--- Material provided ---

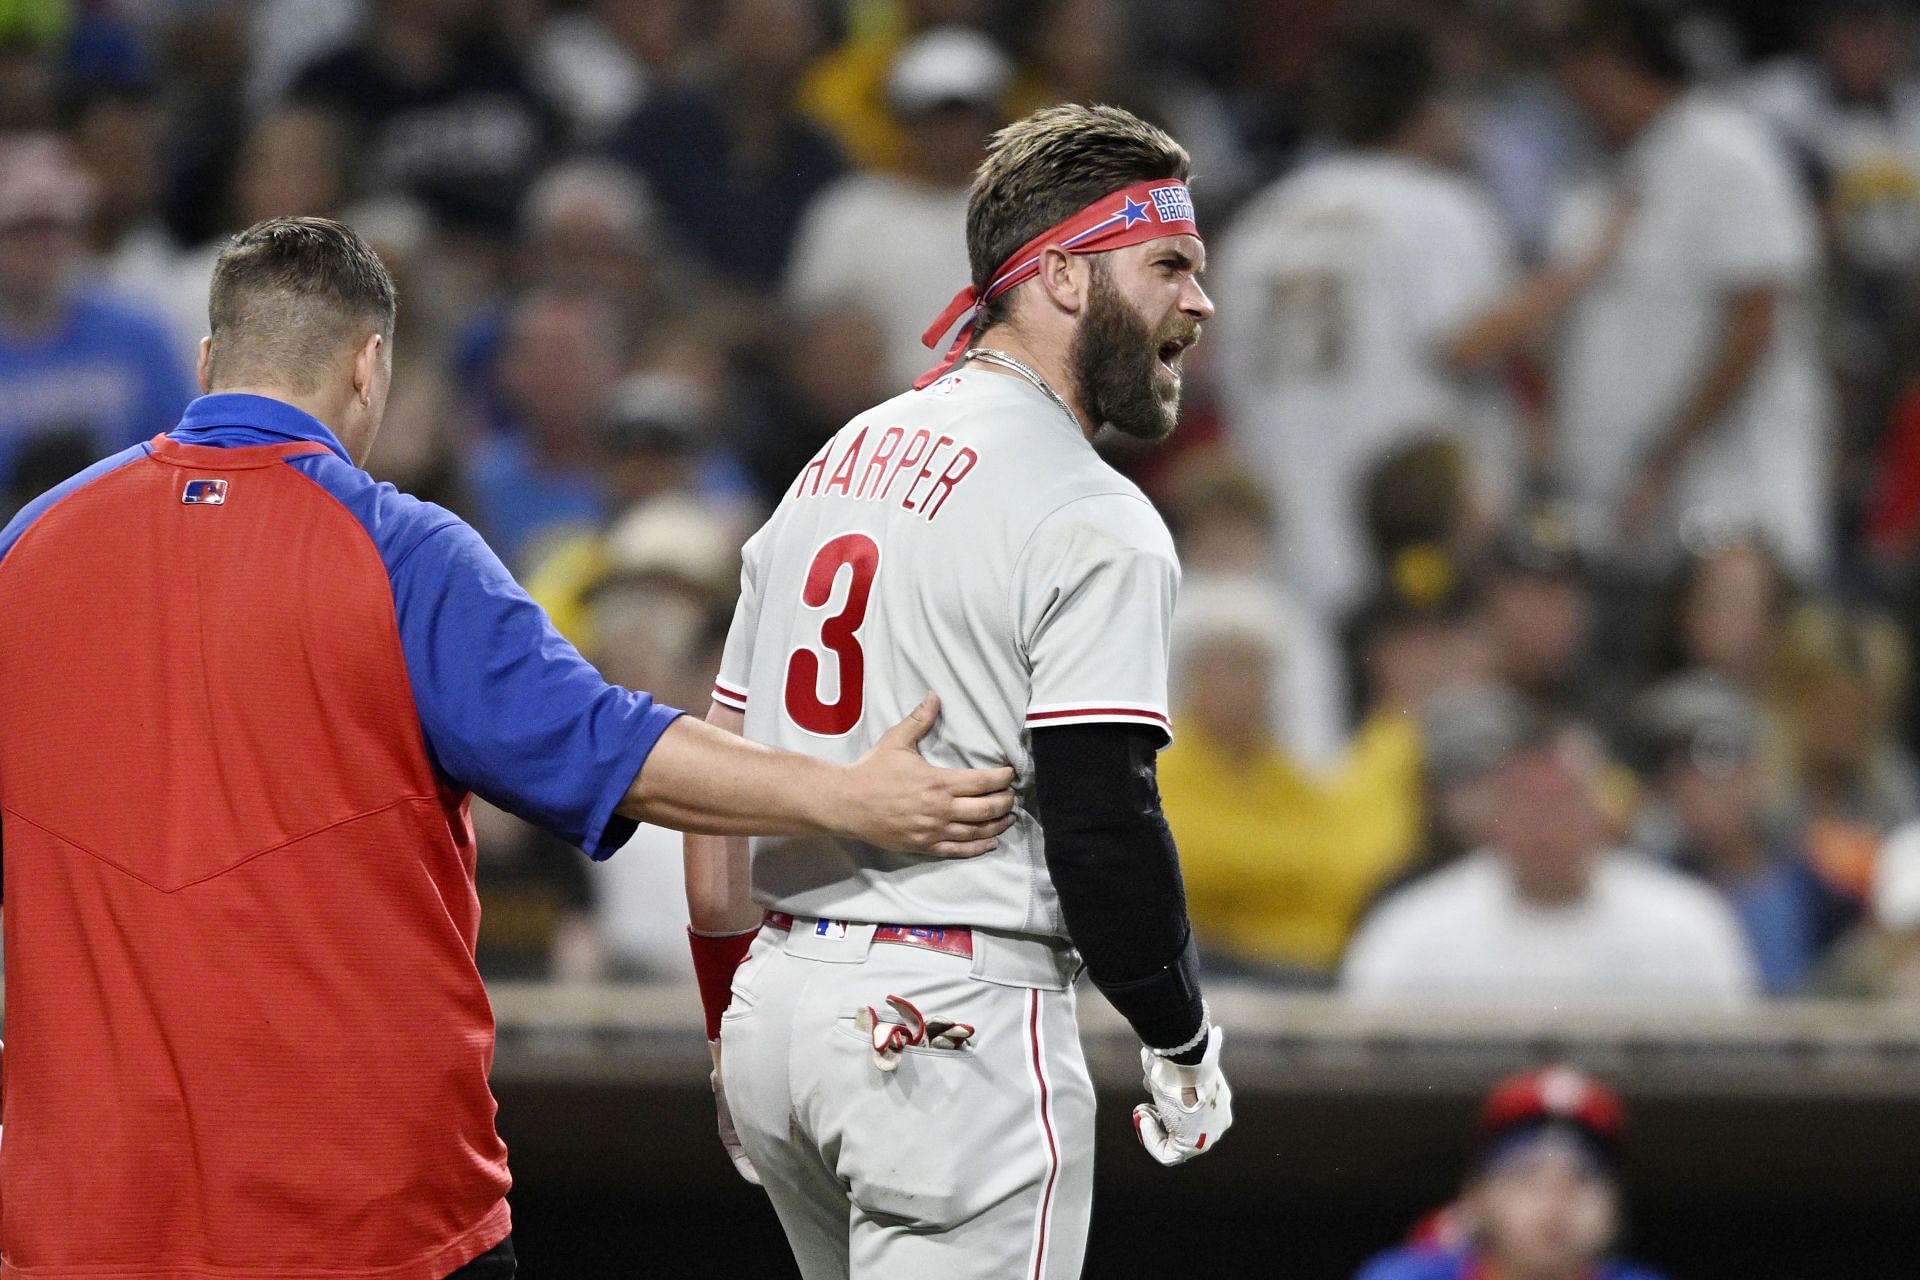 Bryce Harper of the Philadelphia Phillies yells at Blake Snell of the San Diego Padres after being hit with a pitch
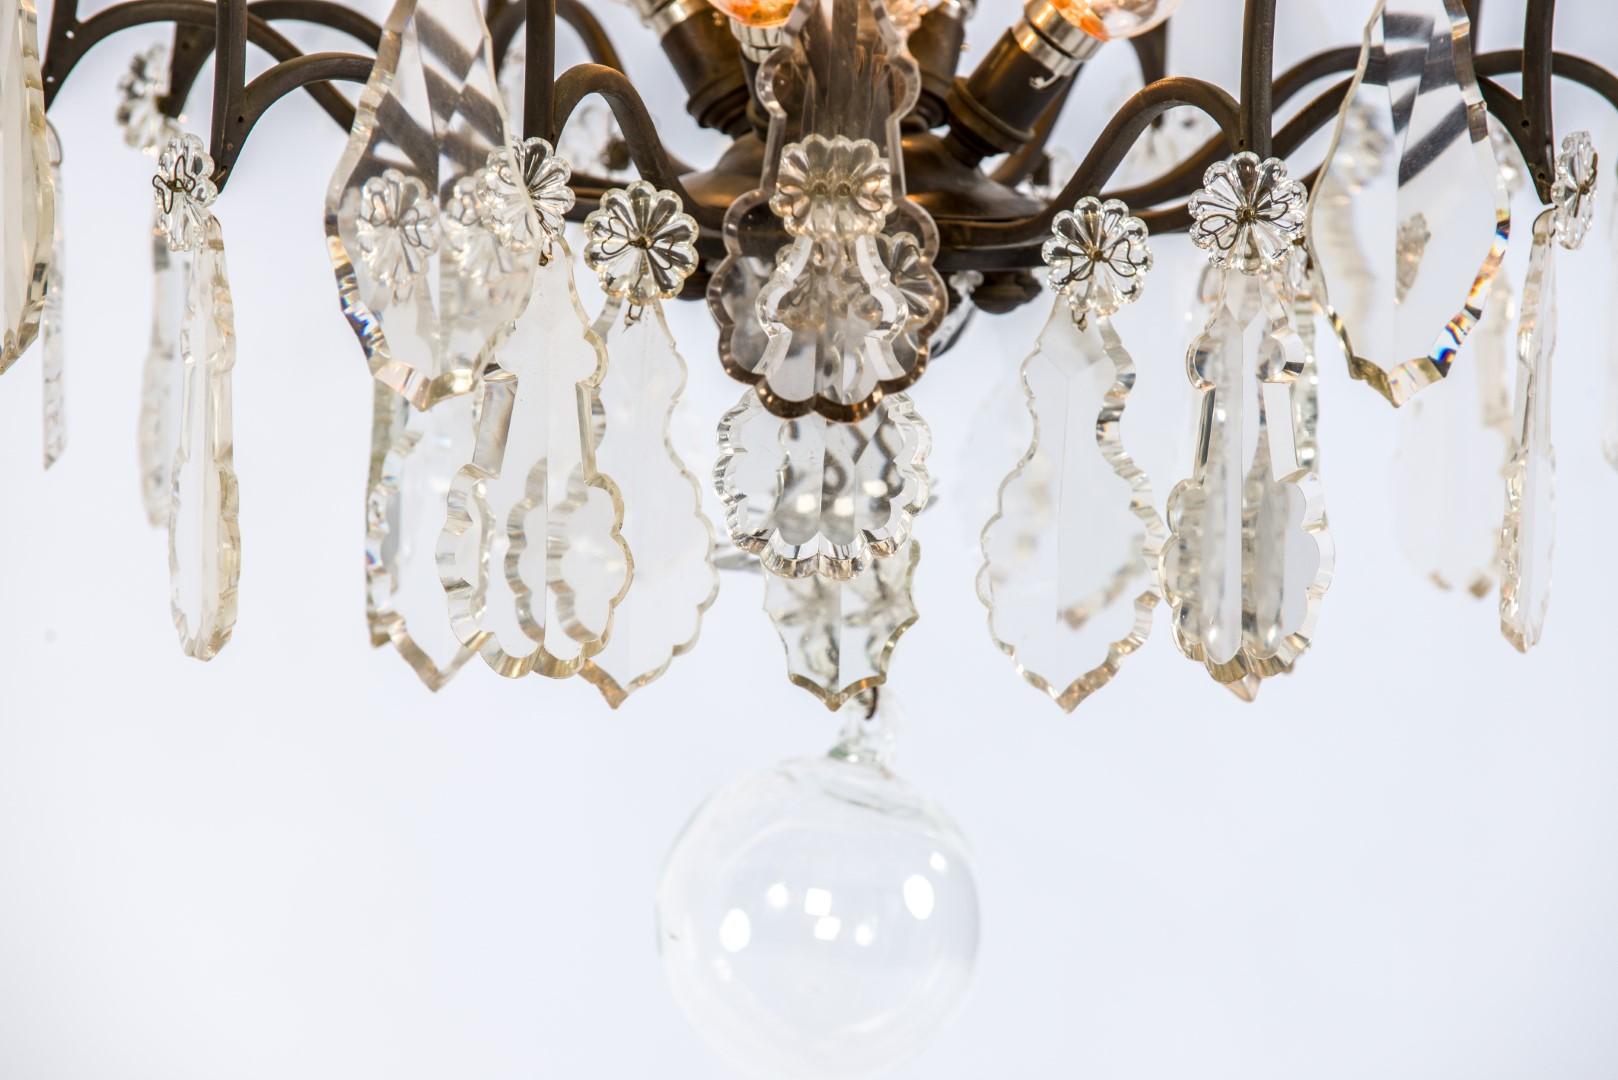 19th Century Bronze Chandelier with Cut Crystal Ornaments and Candles and Lights For Sale 7
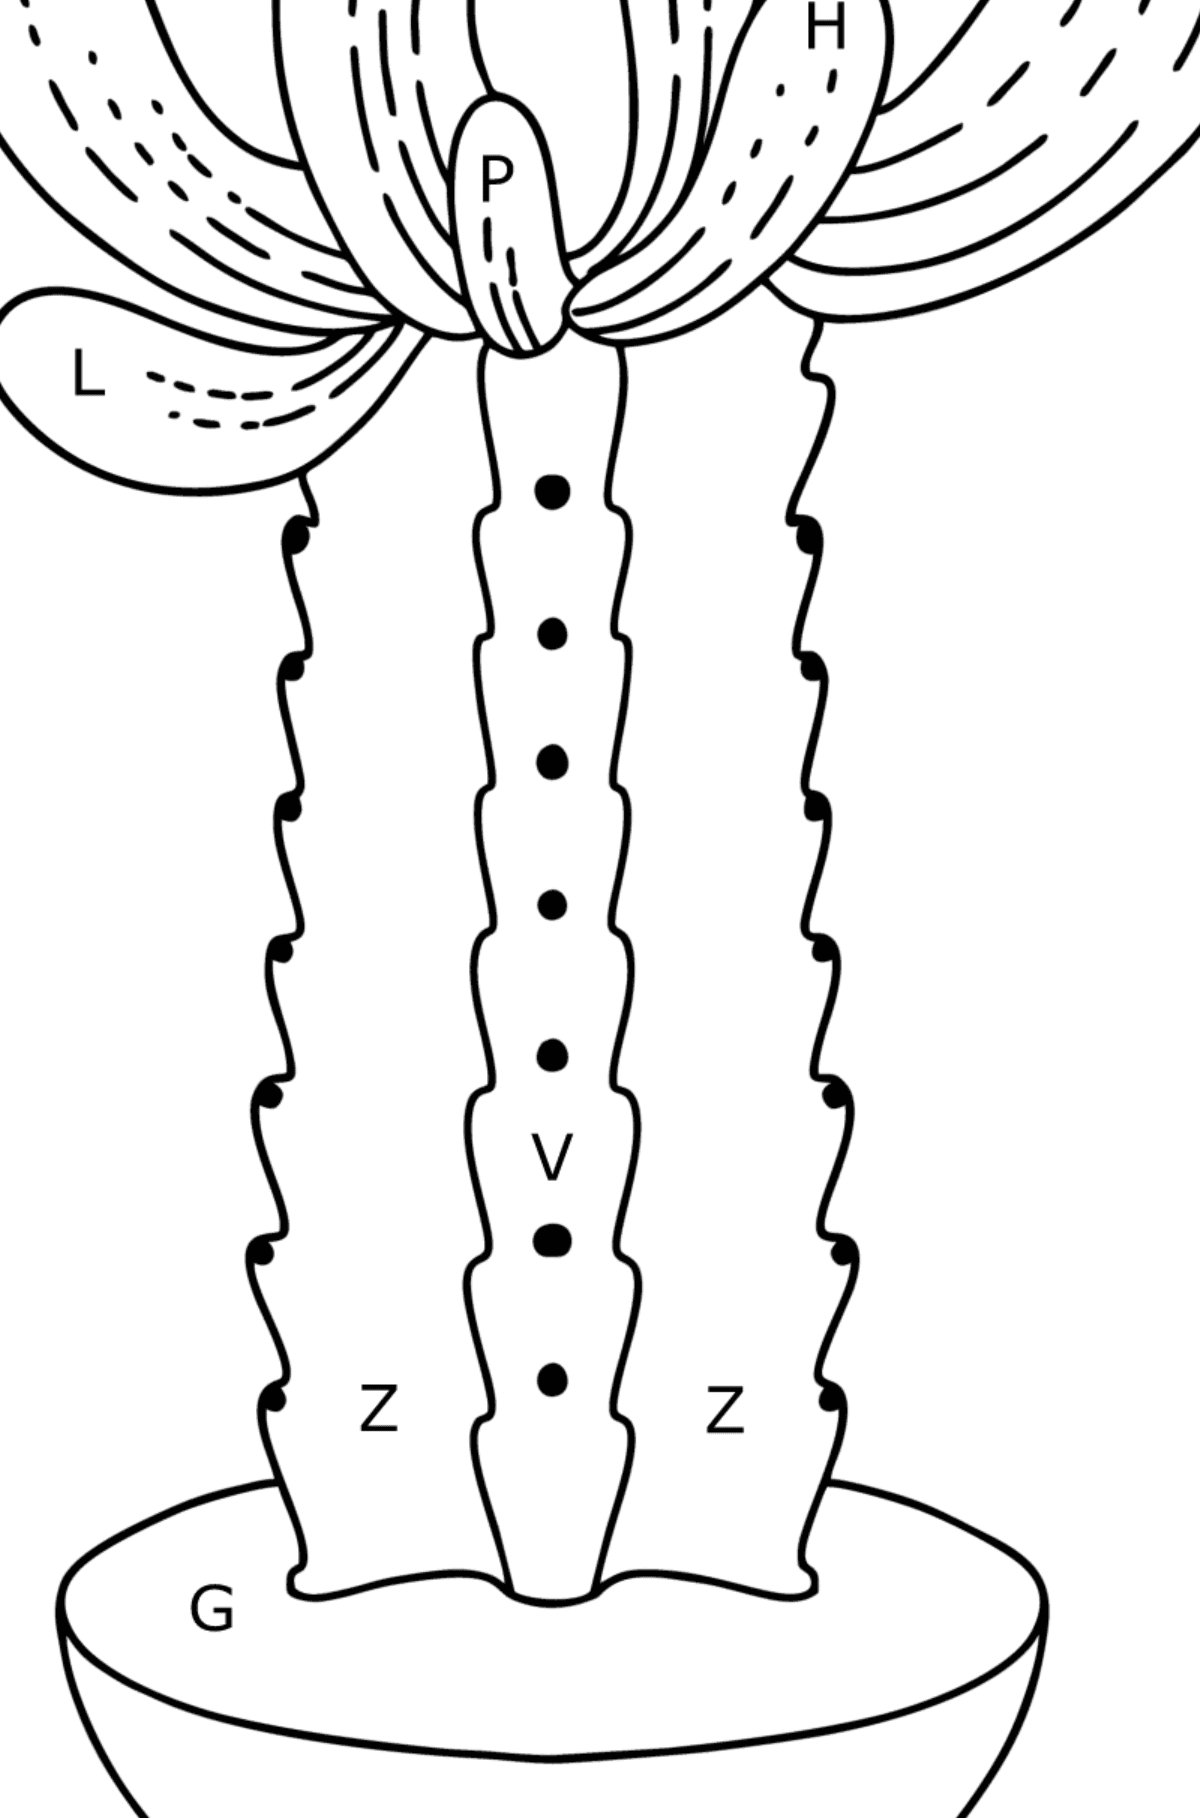 Simple cactus coloring page - Coloring by Letters for Kids
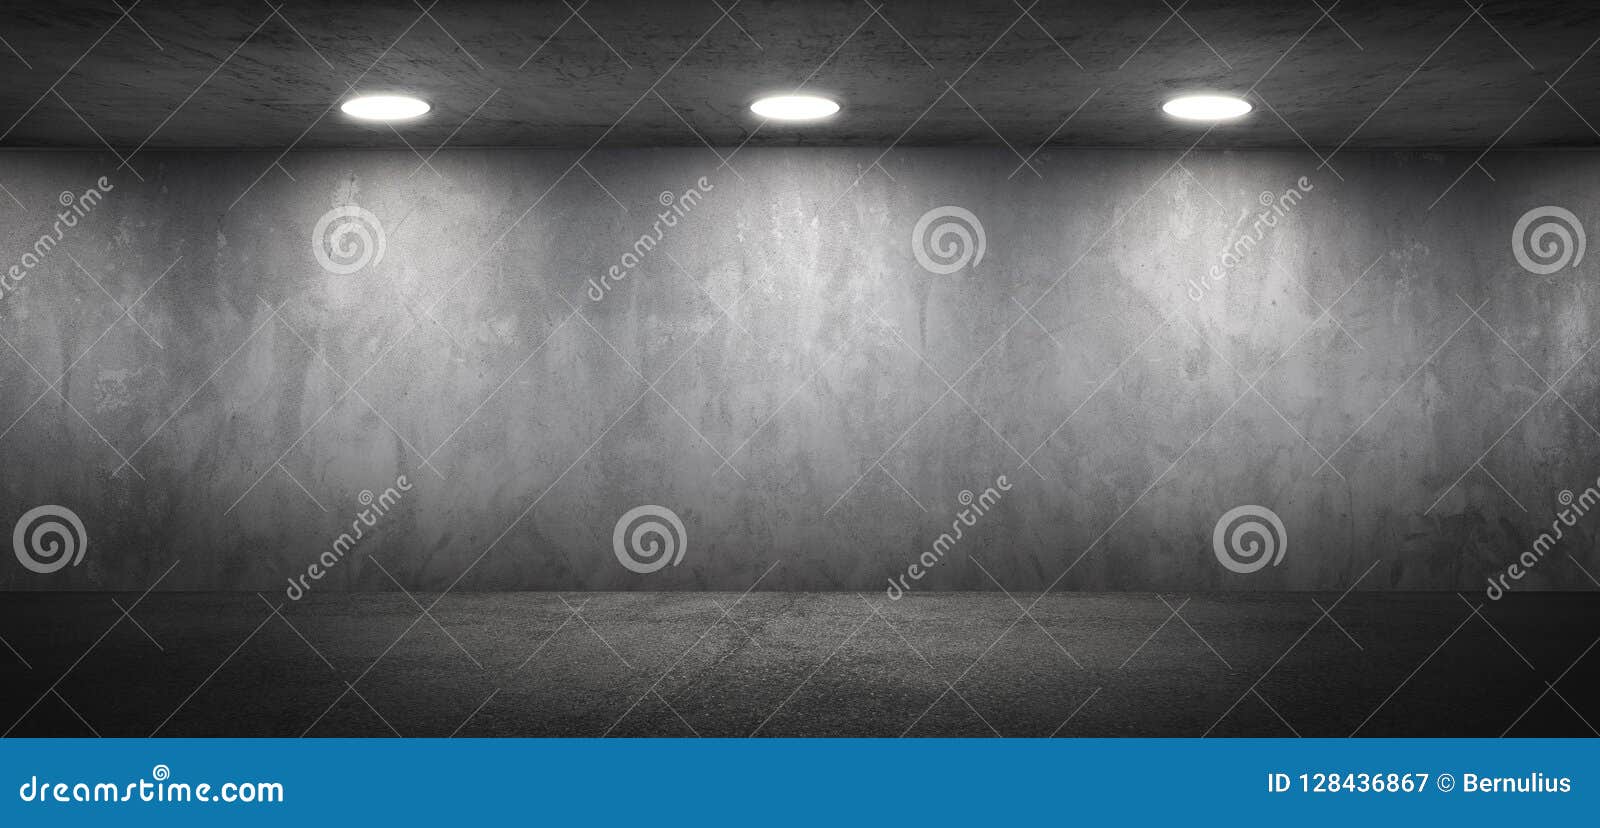 Blank Concrete Office Room Textured Wall Background Stock
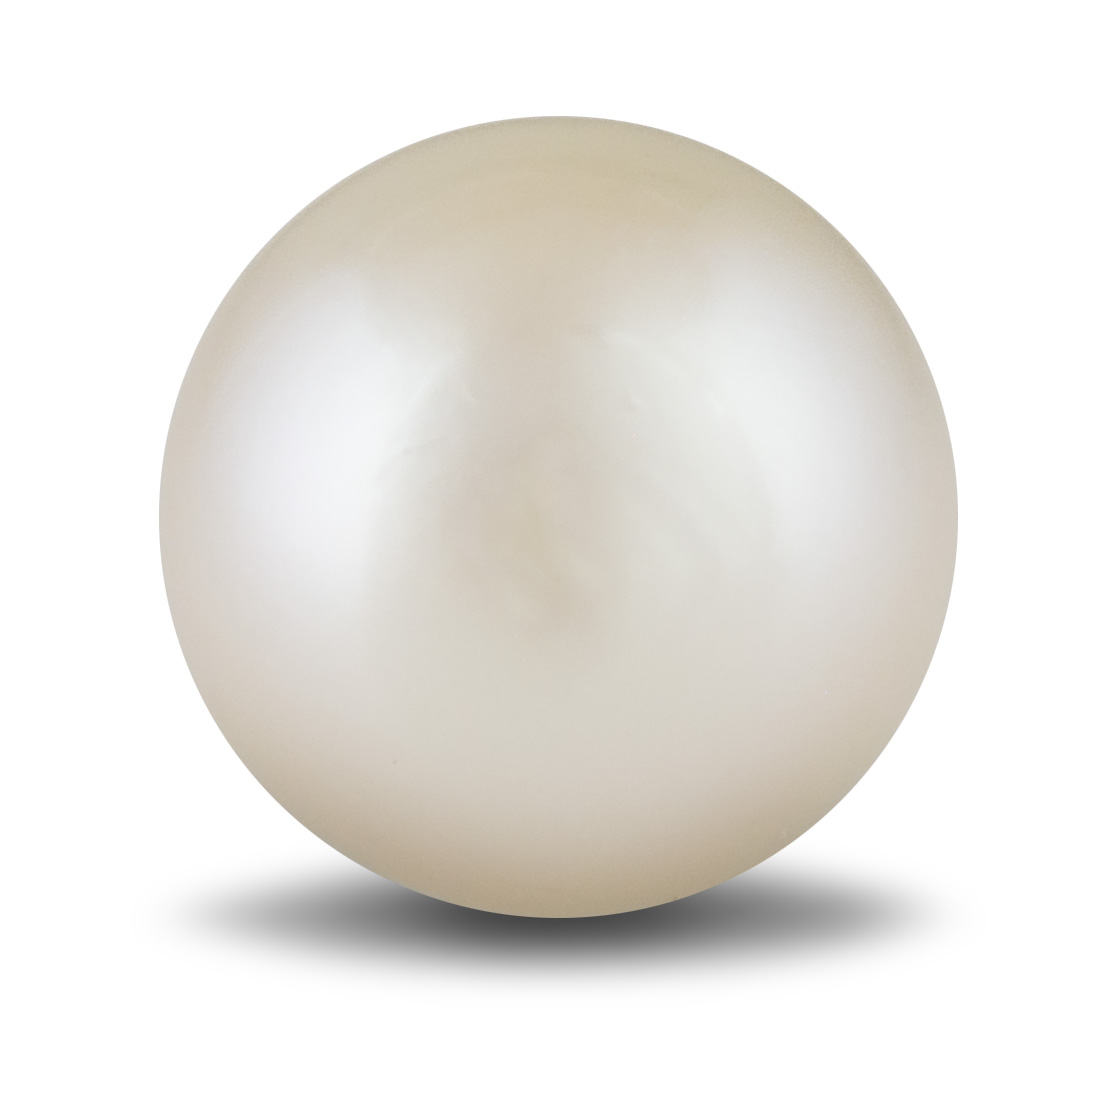 Gem in the Spotlight: Pearl : Adored Across the Ages for Purity

---

What you are asked to do: An exact copy of the listing is needed, minus its pictures.

Finished exercise:
 Bryce Harper of the Philadelphia Phillies yells at Blake Snell of the San Diego Padres after being hit with a pitch
 19th Century Bronze Chandelier with Cut Crystal Ornaments and Candles and Lights For Sale 7
 Simple cactus coloring page - Coloring by Letters for Kids
 Blank Concrete Office Room Textured Wall Background Stock
 Gem in the Spotlight: Pearl : Adored Across the Ages for Purity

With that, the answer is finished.